SUPPLIED INFORMATION:
Start of Block

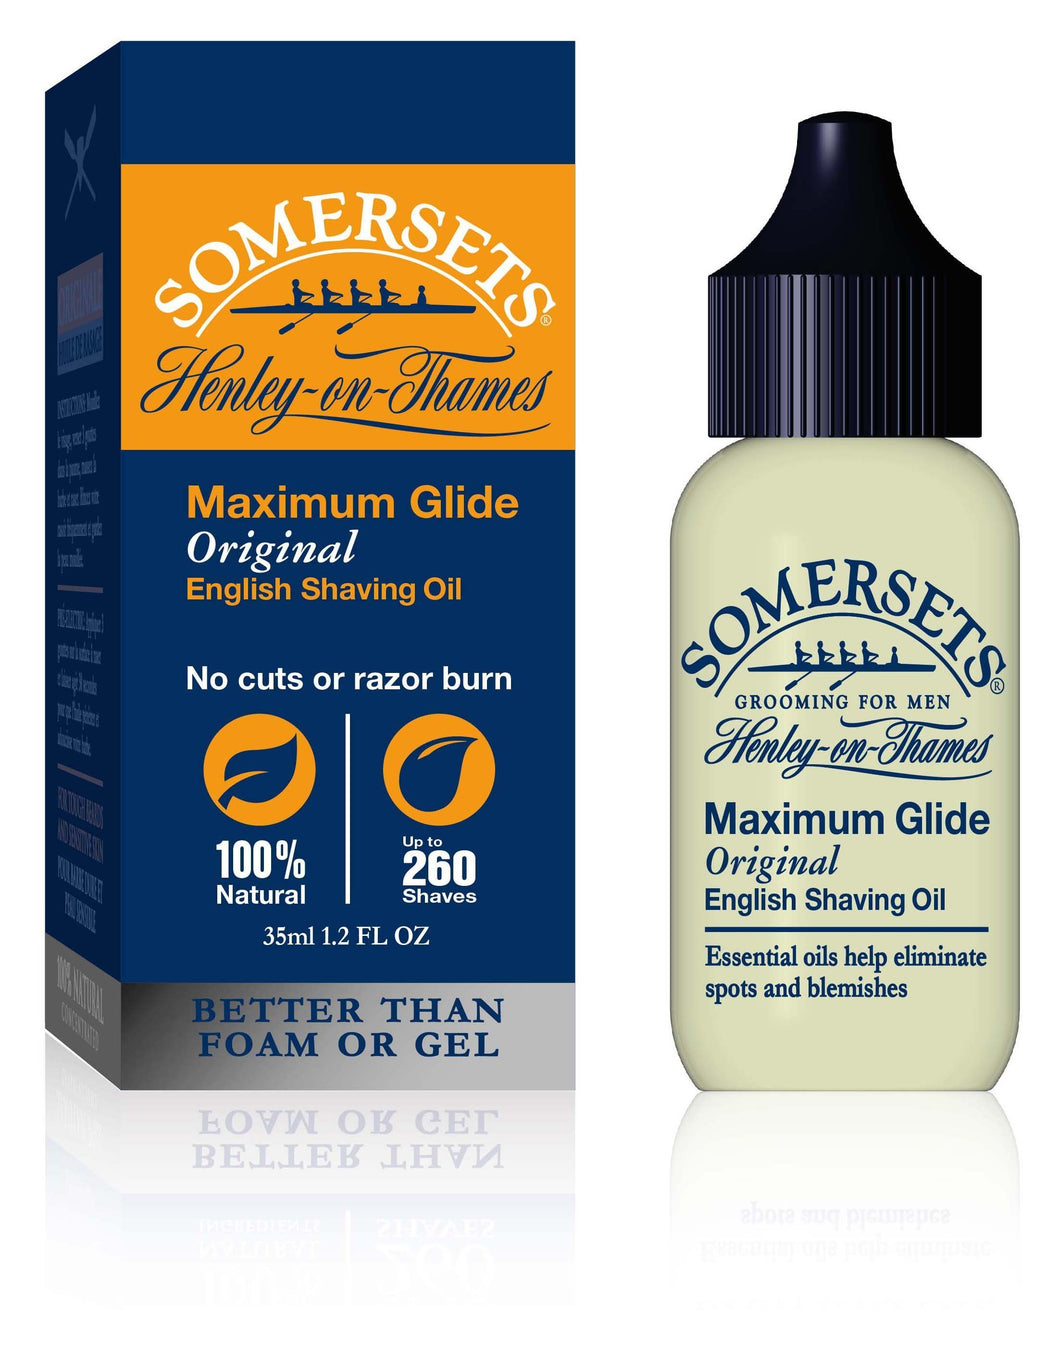 Somersets Shaving Oil 35ml - Original
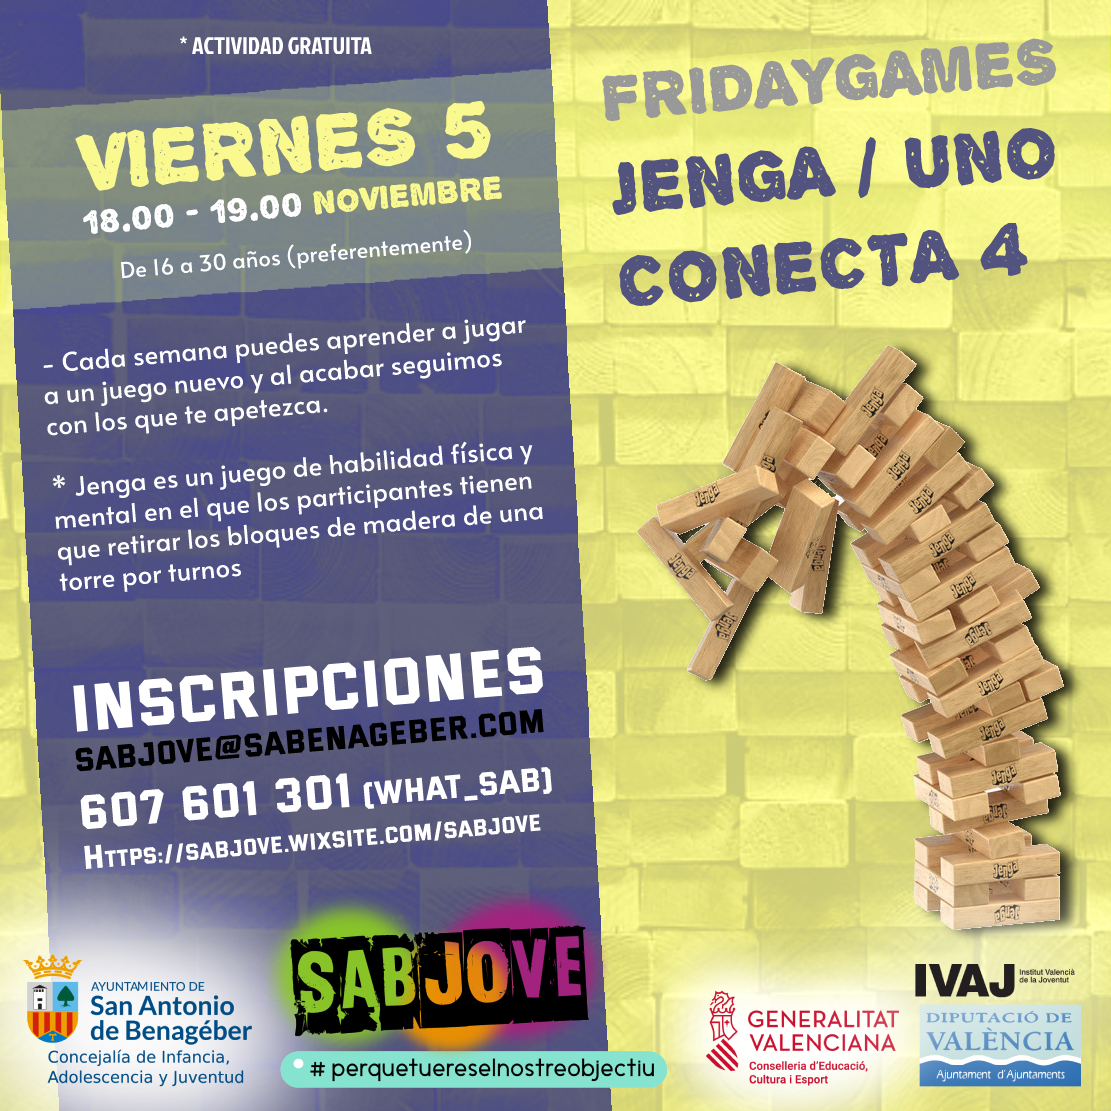 FRIDAY GAMES: "JENGA,UNO,CONECTA-4", San Antonio de Benagéber (SAB)
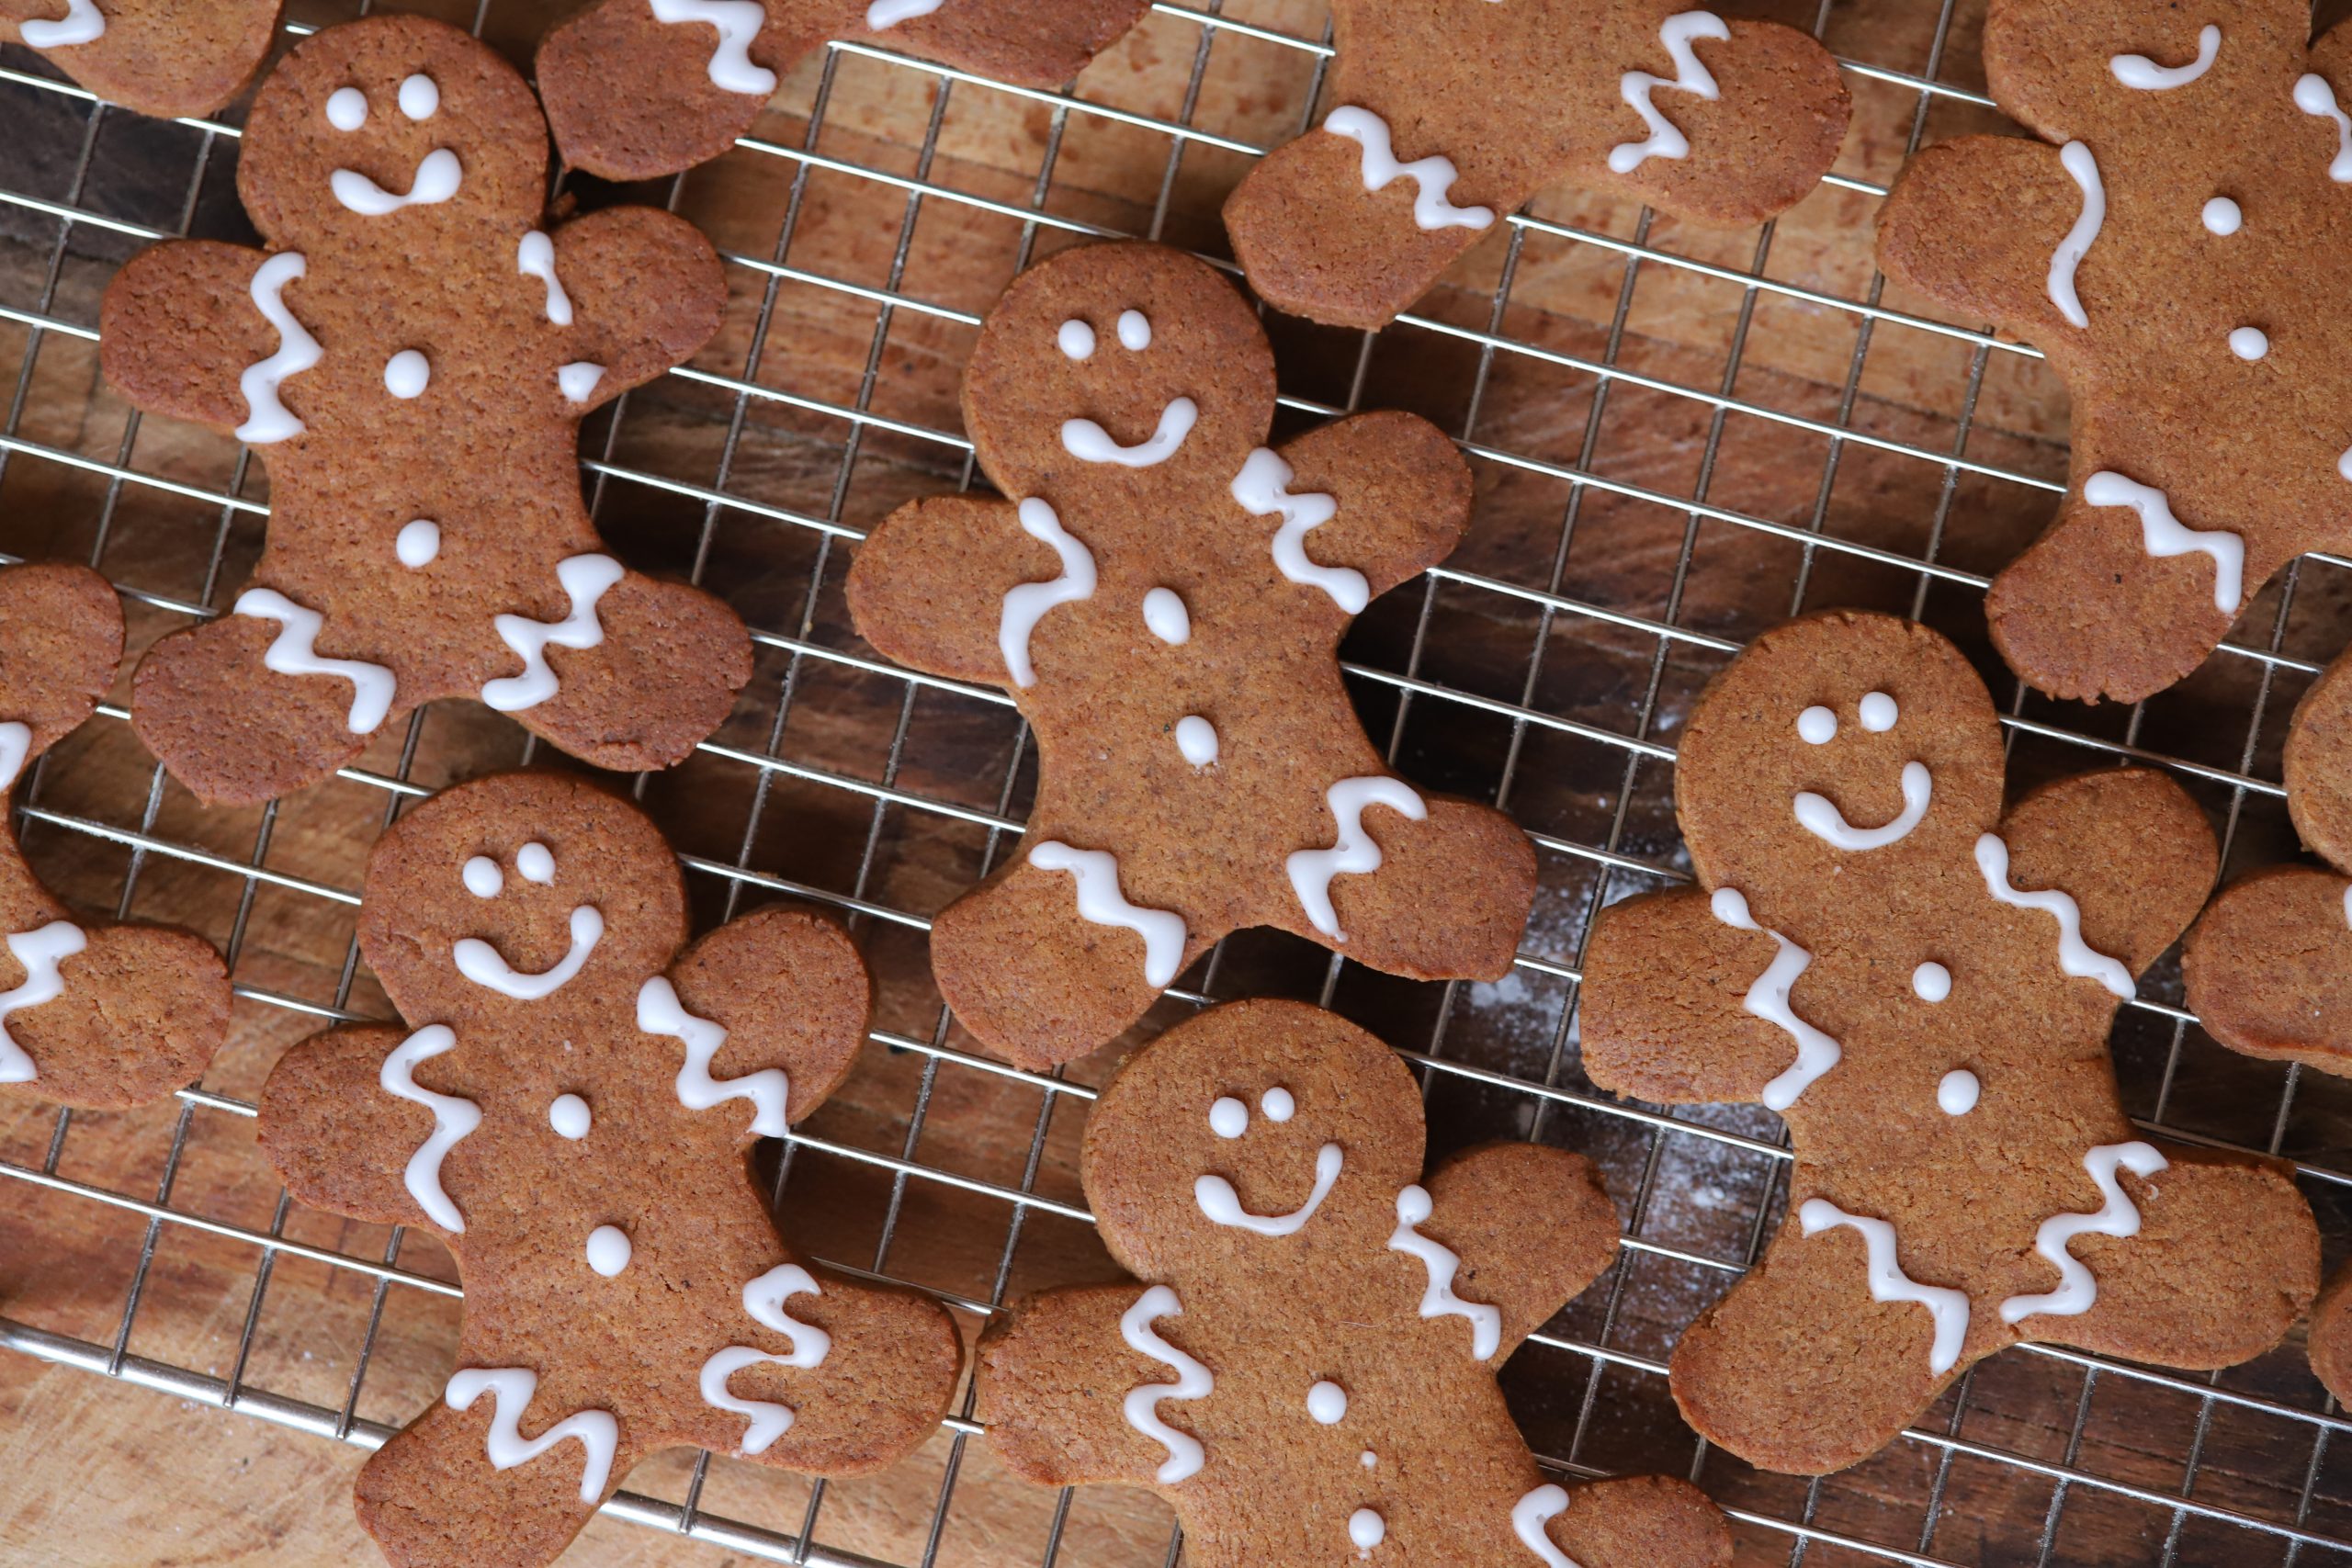 Recept om vegan gingerbread koekjes te bakken

End of Block

WHAT IS BEING ASKED: Go through the listing above and write it all out exactly, leaving out any picture.

ANSWER SPACE:
 Somersets Shaving Oil 35ml - Original
 FRIDAY GAMES: "JENGA,UNO,CONECTA-4", San Antonio de Benagéber (SAB)
 Recept om vegan gingerbread koekjes te bakken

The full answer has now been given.